Students who have used Alibaba Cloud OSS know that OSS itself is the public network in Alibaba Cloud VPC network. It is a shared area and does not require a complex network. RDS and Kafka are deployed in the user's VPC, and multiple networks can be connected through a set of network architectures. Compared with VPC network segment conflicts, there is no such problem in shared areas. Secondly, data is isolated, and ENI has end-to-end restrictions. For example, VPC has an ID mark and different authorization requirements. If an illegal user tries to connect to VPC, the network packet cannot be connected if it is not this network card, which can achieve safe isolation and data access.

The network architecture has been determined, so how to run it? Throughout the design, we will take the DSL design of K8s as an example. As mentioned earlier, many tasks will be defined. A workload may have many small tasks. At this time, we need to define a set of orchestration scripts similar to the DSL definition, such as job1, job2, and then job3. These orchestration scripts are submitted through the SDK, console, and other portals, and then received by the API Server and scheduled by the Scheduler. This Scheduler will be connected to the Spark gateway to implement task management, status management, task distribution, etc., and finally schedule the internal K8s to pull up the job for execution. Some full-volume jobs run once, such as pulling the DB once, and there are also resident streaming jobs, triggered asynchronous jobs, scheduled asynchronous jobs, etc., with different forms and the same scheduling capabilities, so they can be expanded. In the process, there are continuous feedback status of the job status, intermittent statistics, etc. In K8s, the K8s Master assumes such a role, and also has the roles of API Server and Scheduler. It is similar here, and the scheduling capability HA mechanism is also implemented through a one-master-multiple-slave architecture.

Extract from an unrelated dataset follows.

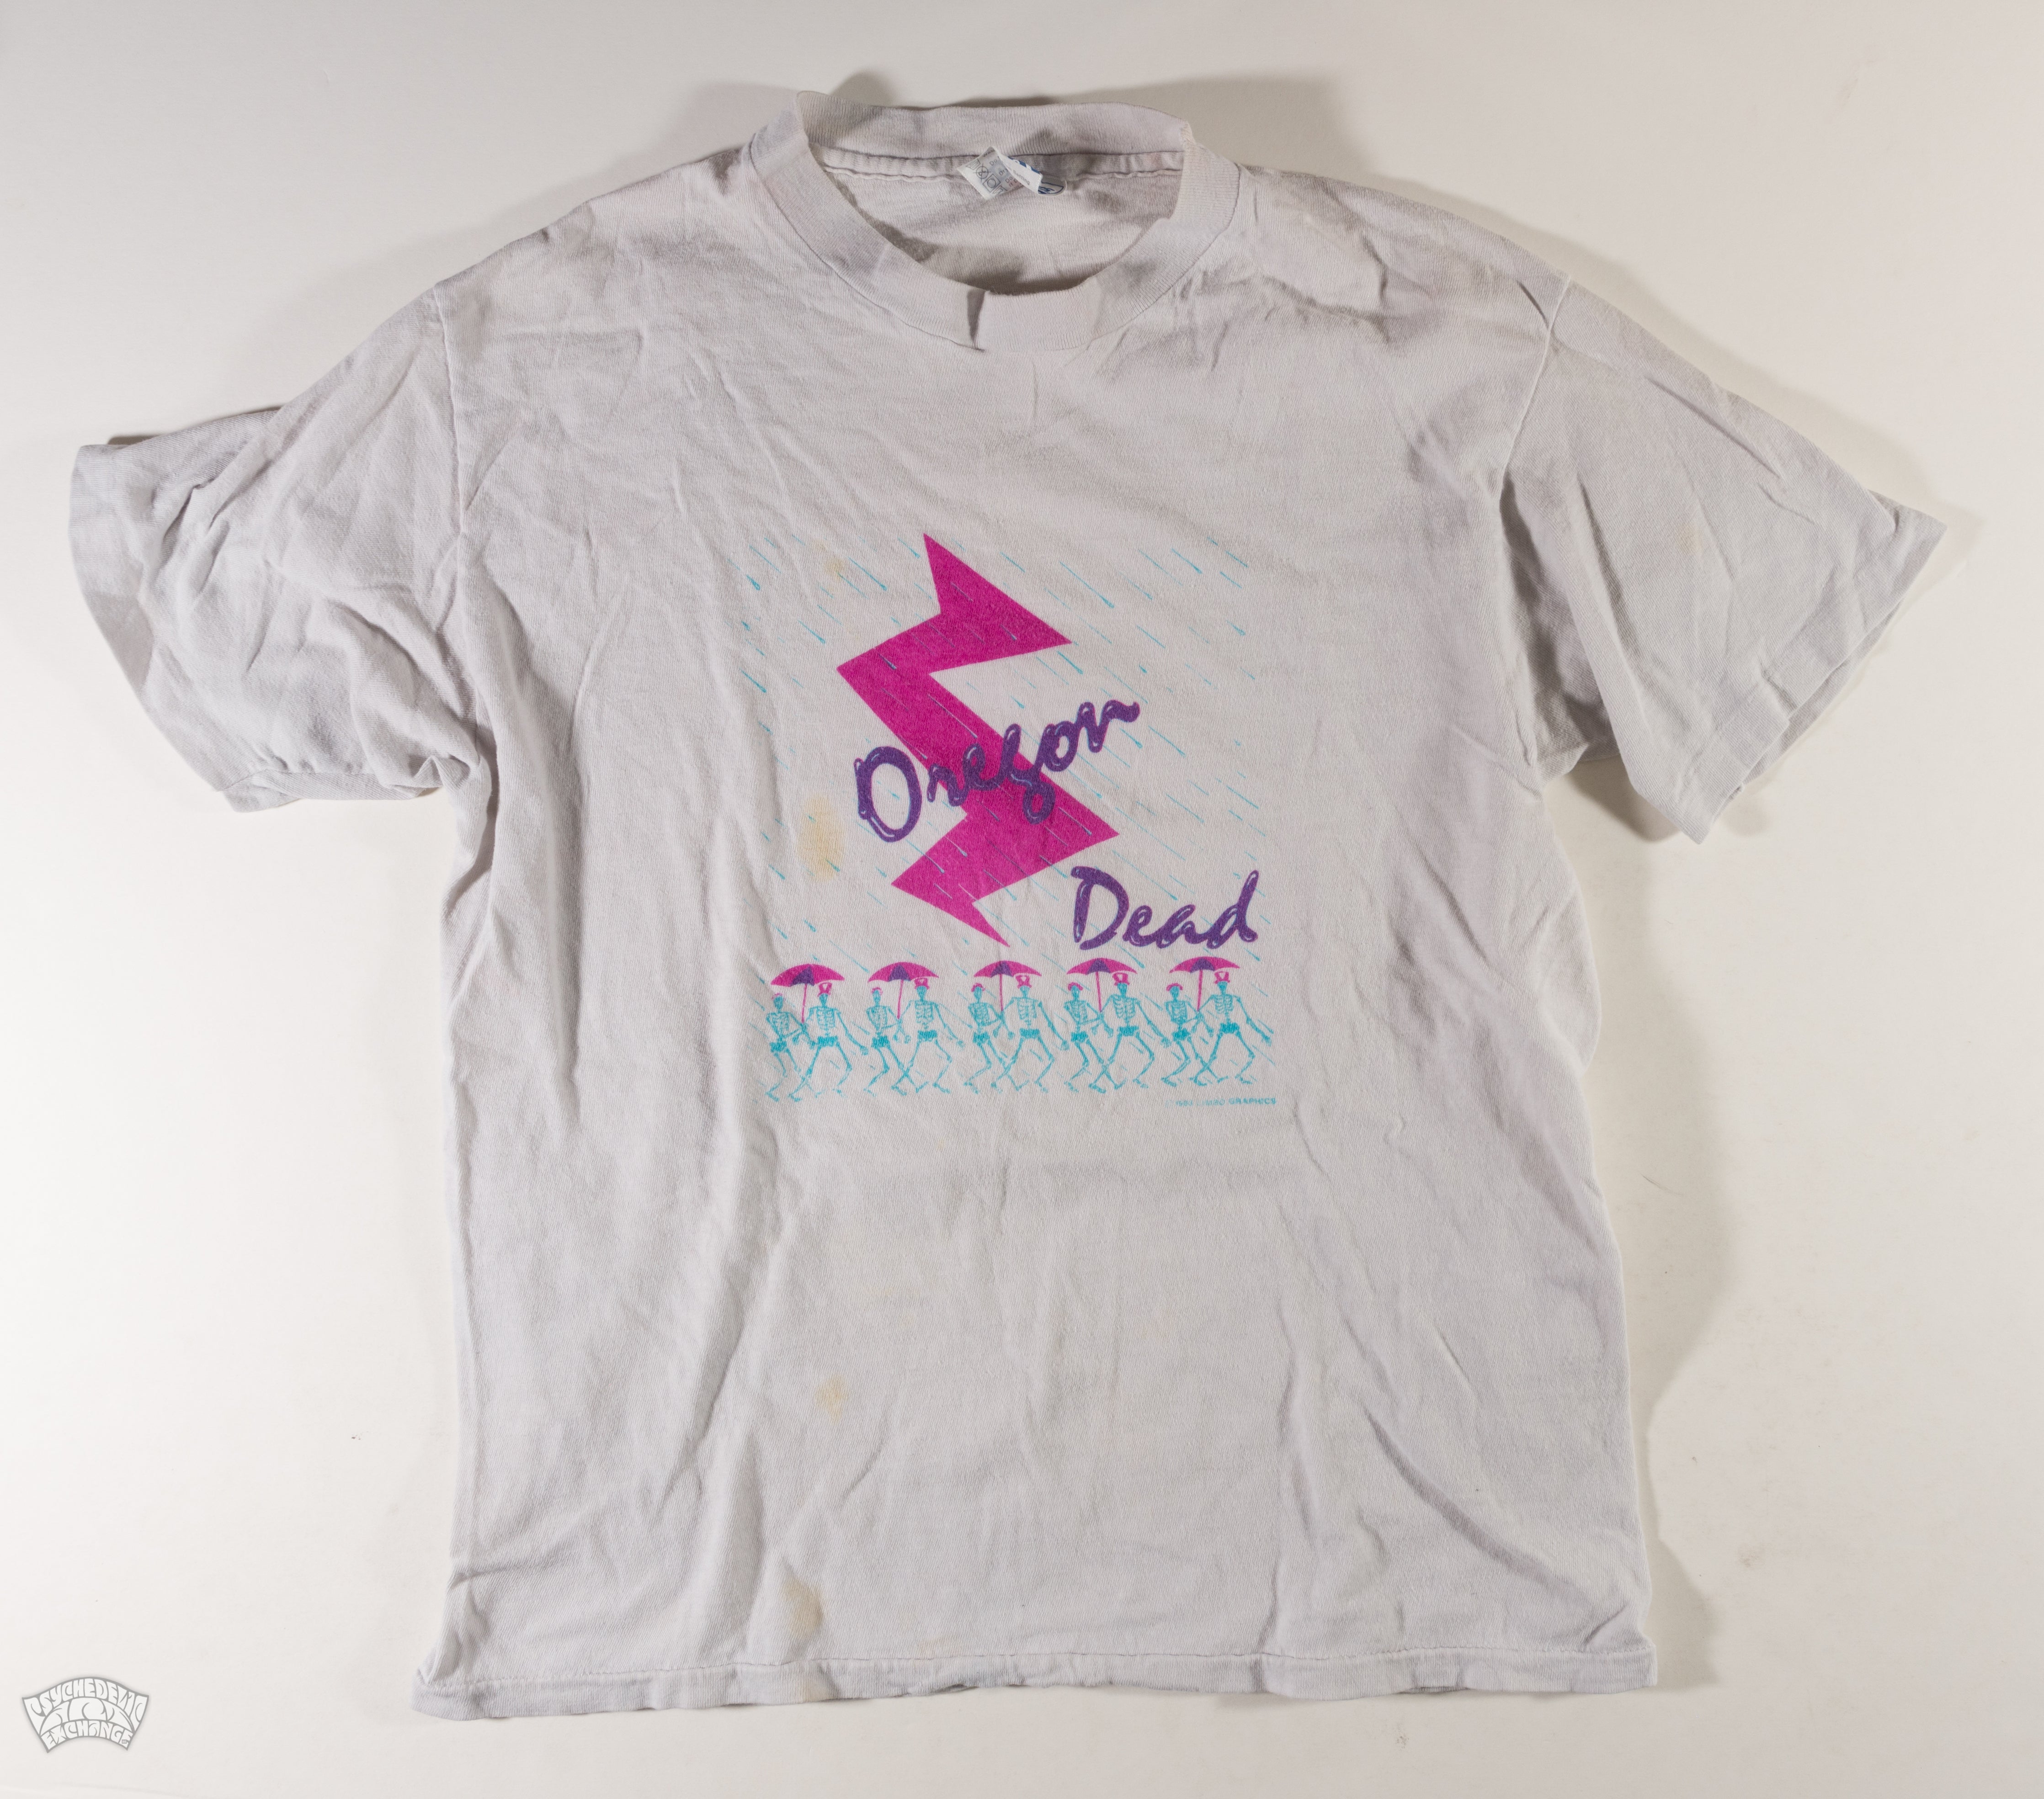 1983- Grateful Dead Oregon Dead - Fan Art -Vintage T-Shirt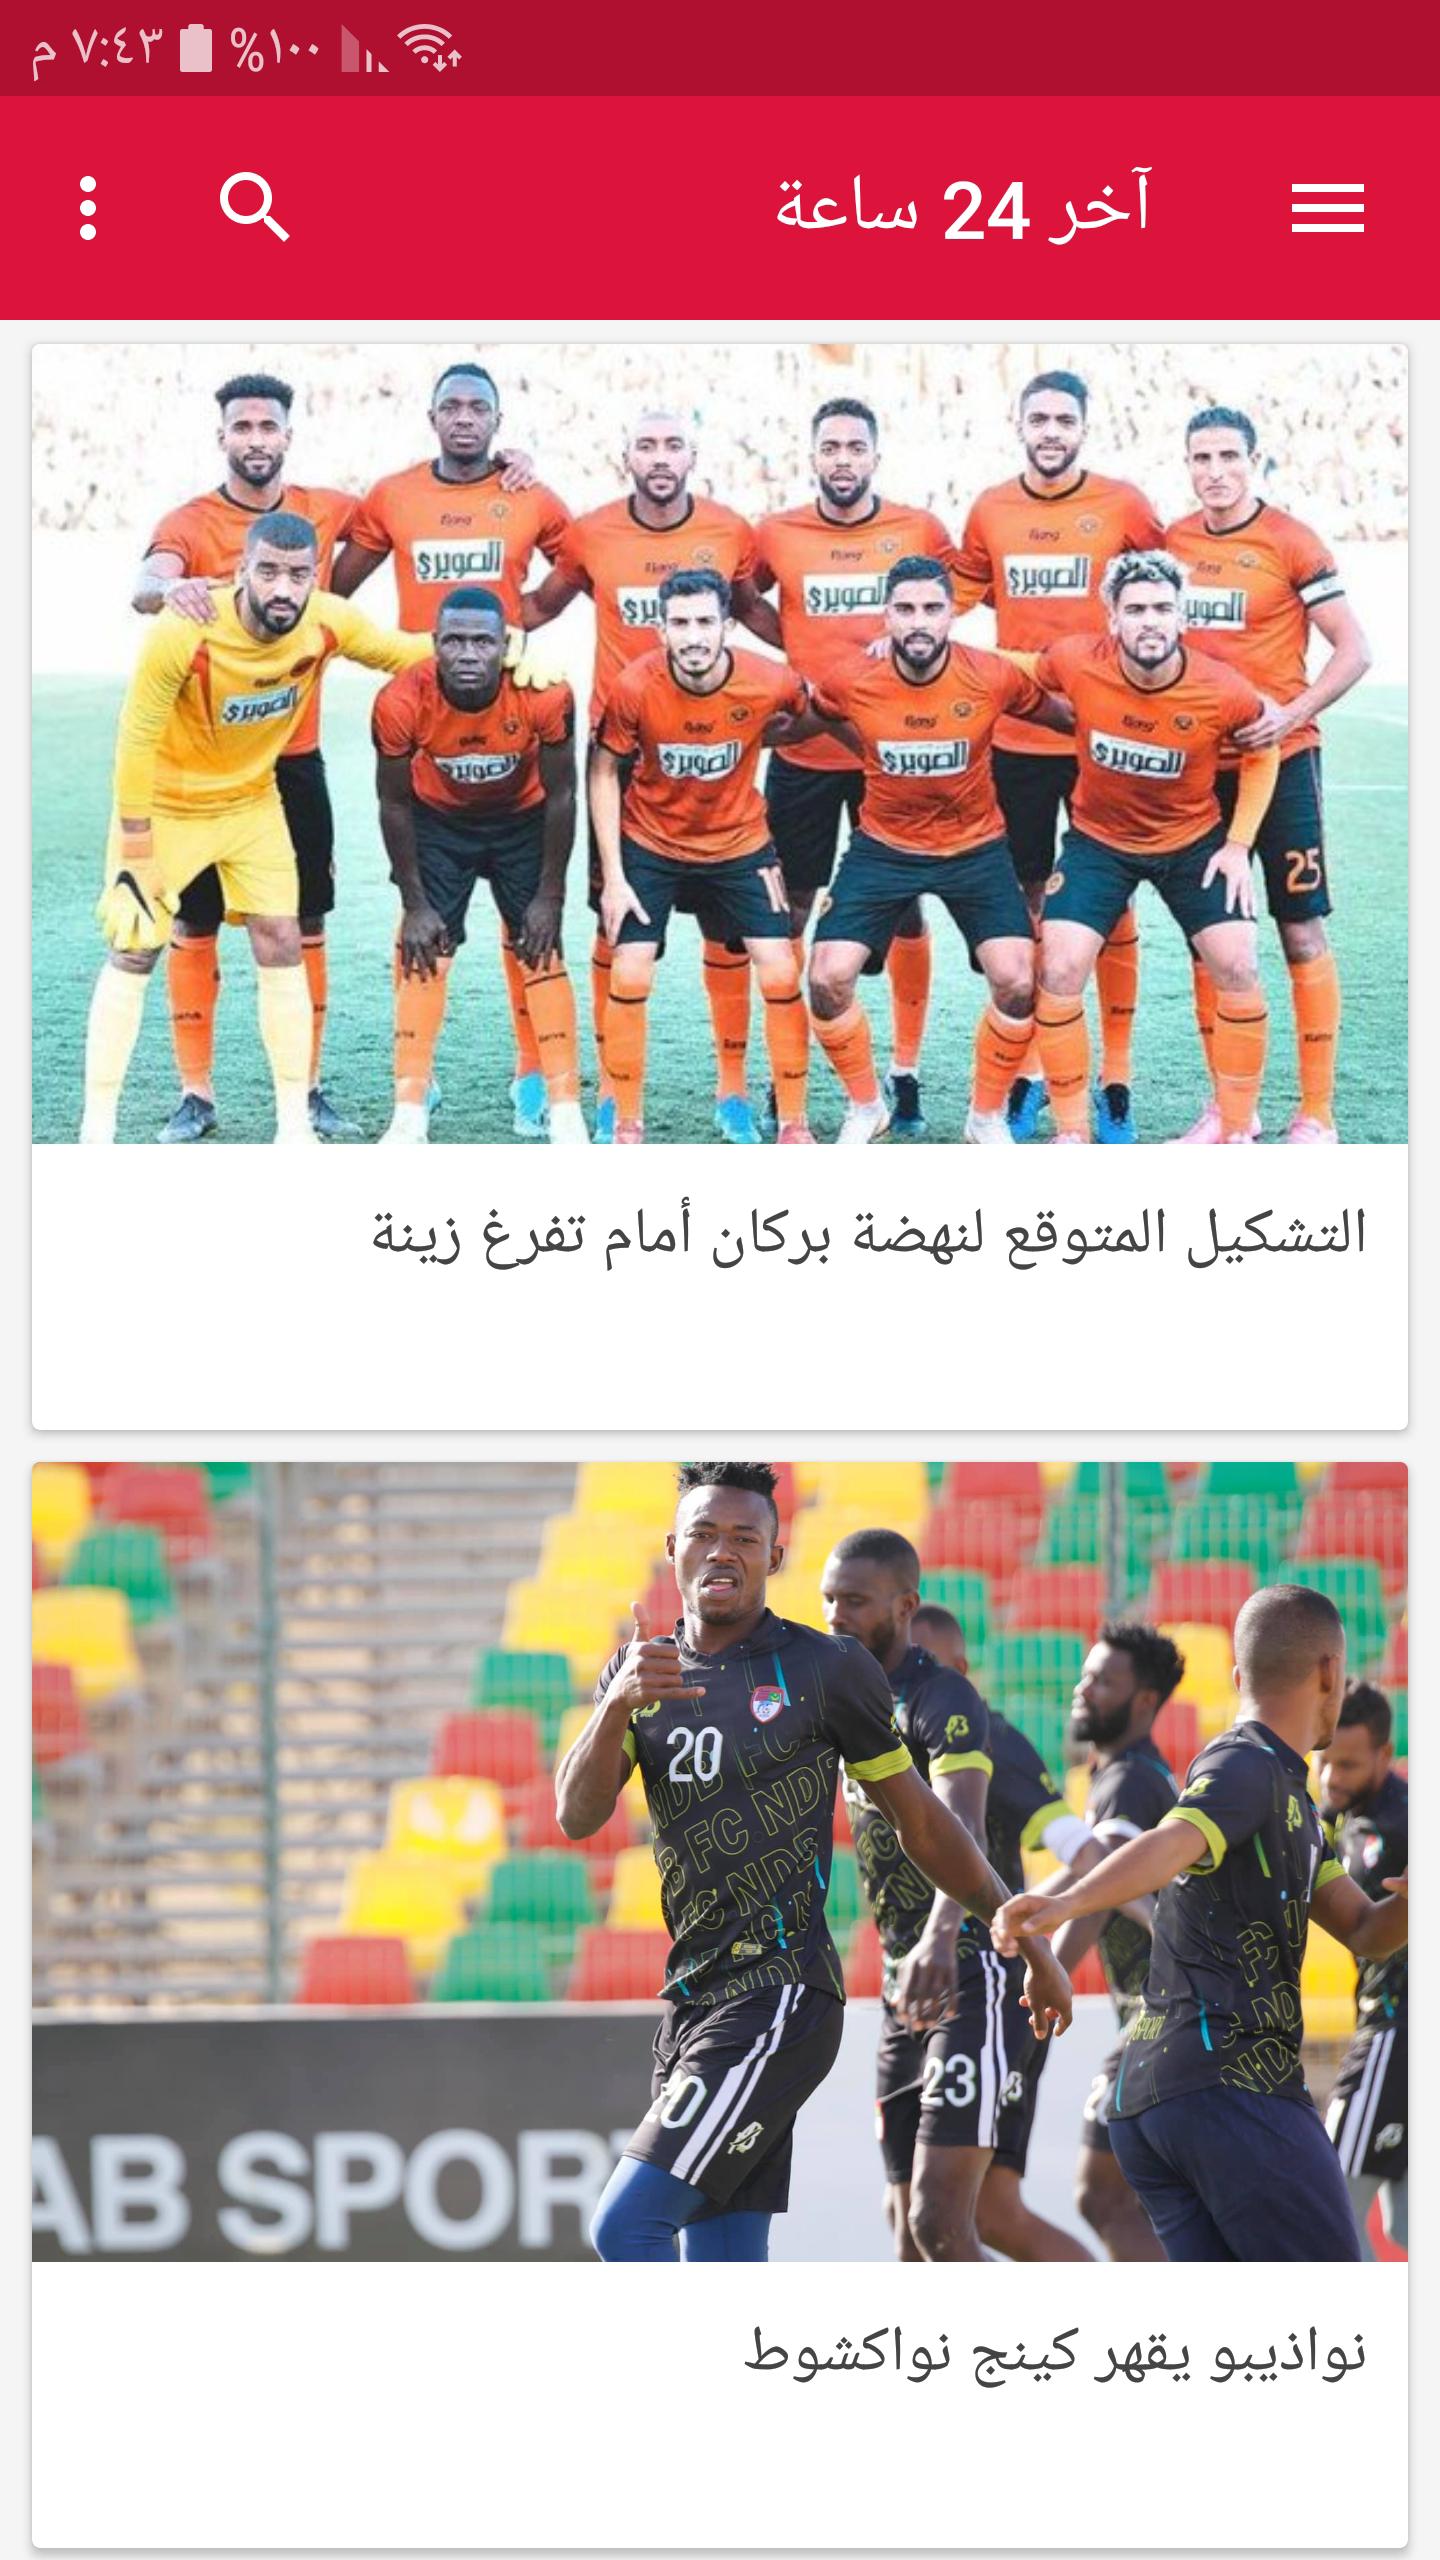 أخبار الرياضة الموريتانية APK for Android Download

Here, why do we split a workload's user-facing tasks into N different jobs? Because these tasks are all run in one process, the water level of the entire workload changes greatly, and it is very difficult to perform elastic scheduling. It is enough to run all tasks once, but how many resources should be allocated? In many cases, Spark is not so flexible, especially asynchronous tasks and scheduled tasks, which consume a lot of resources, but after they are used up, it is unknown when the next time will come, which is difficult to predict. Just like many signal system processing, Fourier transform is required, splitting complex waveforms into multiple simple waveforms will simplify signal processing. We also have such a perceptual understanding. Using different jobs to execute tasks of different roles in the workload makes it easy to achieve elasticity. For example, for scheduled or temporary triggering jobs, temporarily pulling a job, the resource consumption is completely unrelated to the resident streaming tasks, and the stability of the streaming tasks, the delay in entering the lake, etc. can be completely unaffected. This is the thinking behind the design, which is to simplify complex problems. Because from the perspective of elasticity, the simpler the waveform is, the better the elasticity will be and the easier the prediction will be.

Entering the lake will involve a lot of user account and password information, because not all cloud products use systems such as AWS's IAM or Alibaba Cloud's RAM to build fully cloud-based resource permission control. Many products still use account and password methods for authentication and authorization management, including user-built systems, database systems, and so on. In this way, users have to hand over all connection accounts and passwords to us. How can we manage them more securely? We are based on two systems of Alibaba Cloud: one is KMS, which uses a hardware-level data encryption system to encrypt user data; the second is STS, a fully cloud-based three-party authentication capability to achieve secure access to user data, especially the isolation or protection mechanism of sensitive data. This is our entire system now.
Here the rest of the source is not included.